Aim: To evaluate the efficacy and safety of the management of hypoglycaemia in the observational ward via criteria of successful discharge of patients from the observational ward within 24 h and the recurrence of hypoglycaemia after discharge.

Methods: Hypoglycaemic patients admitted to the observational ward had their treatment and evaluation performed within 24 h. A protocol based on current available literature was formulated. Data were collected prospectively and included patient demographics, the duration and type of diabetes mellitus, current medications and treatment given. Patients were discharged only after a set of strict discharge criteria was fulfilled, and were followed up by telephone interviews at 7 and 28 days after discharge.
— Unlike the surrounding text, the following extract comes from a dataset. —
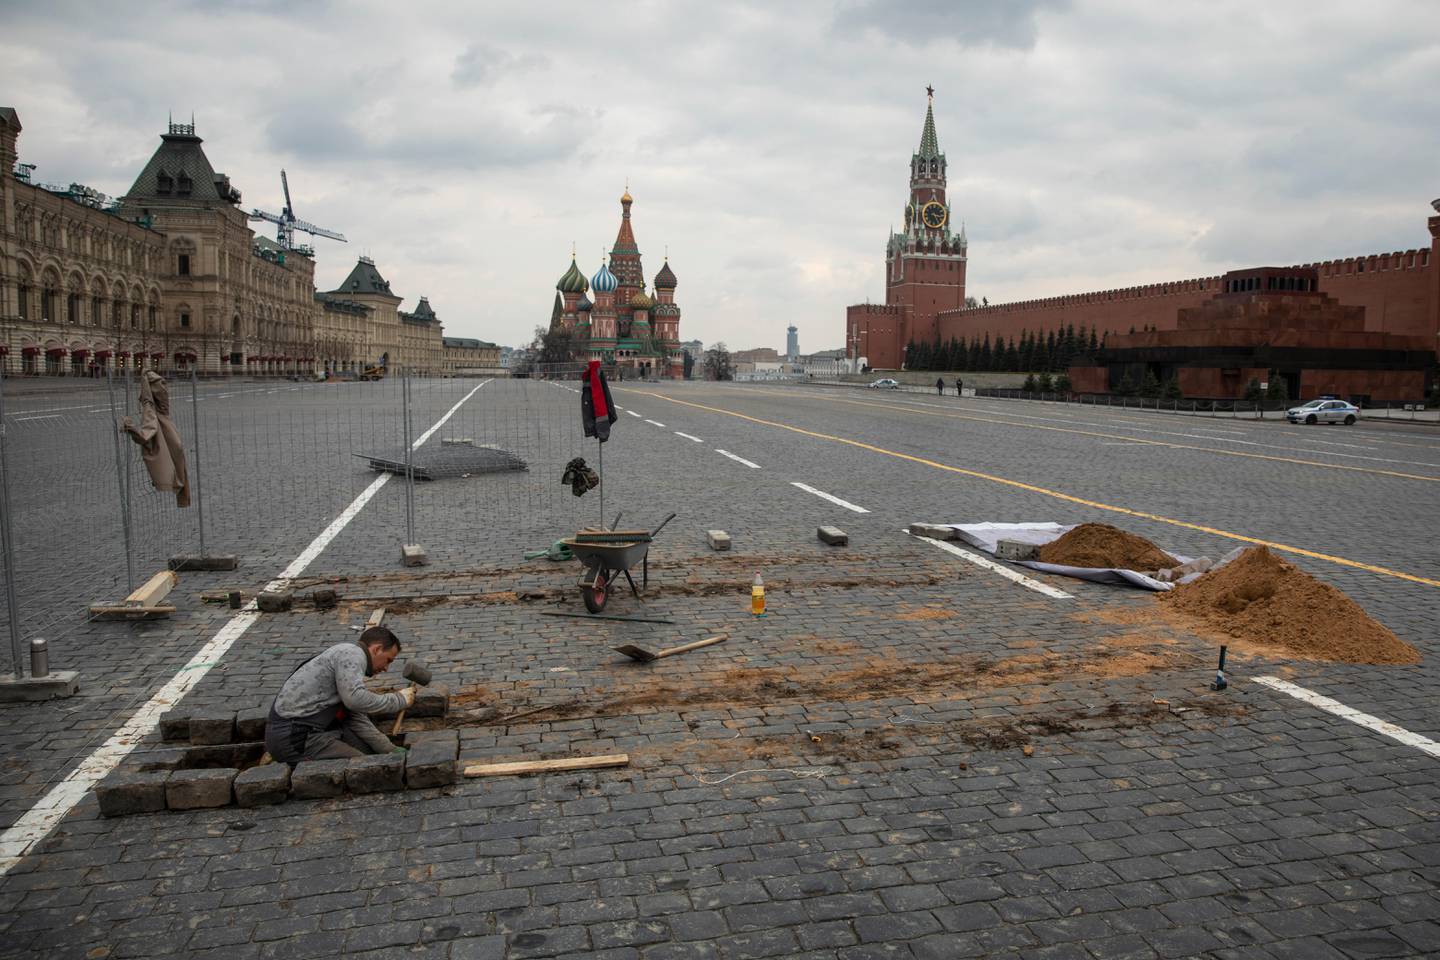 A worker fixes paving stones in emptied Red Square, with St. Basil's Cathedral, center, and Kremlin's Spasskaya Tower, right, in the background, in Moscow, Russia, Wednesday, April 8, 2020. The Russian capital has woken up to a lockdown obliging most people in the city of 13 million to stay home. The government ordered other regions of the vast country to quickly prepare for the same as Moscow, to stem the spread of the new coronavirus. The new coronavirus causes mild or moderate symptoms for most people, but for some, especially older adults and people with existing health problems, it can cause more severe illness or death. (AP Photo/Pavel Golovkin)

Results: A total of 203 patients were recruited. Of these, 170 (83.7%) patients were discharged and 33 (16.3%) were transferred to an inpatient team for a longer period of treatment. The median length of stay in the observational ward was 23.0 h. Of the 170 patients discharged, 151 (88.8%) were contacted at 7 and 28 days after discharge. Six patients had symptoms of recurrent hypoglycaemia, two of whom reattended the ED and had to be admitted. The remaining four patients had mild symptoms that were self-managed at home. Two other patients reattended for conditions not related to hypoglycaemia. Nineteen patients could not be contacted, but there was no record of any reattendances at the ED among this group of patients.

Conclusion: There are currently no recommendations regarding the length of stay in hospital for patients with severe hypoglycaemia. This study shows that selected patients can be treated effectively and safely in a 24 hour observational ward.

Footnotes

  • Competing interests None declared.

  • Ethics approval The study was approved by the National Health Group Domain-Specific Review Board, the institution’s governing ethic committee.

  • Provenance and peer review Not commissioned; externally peer reviewed.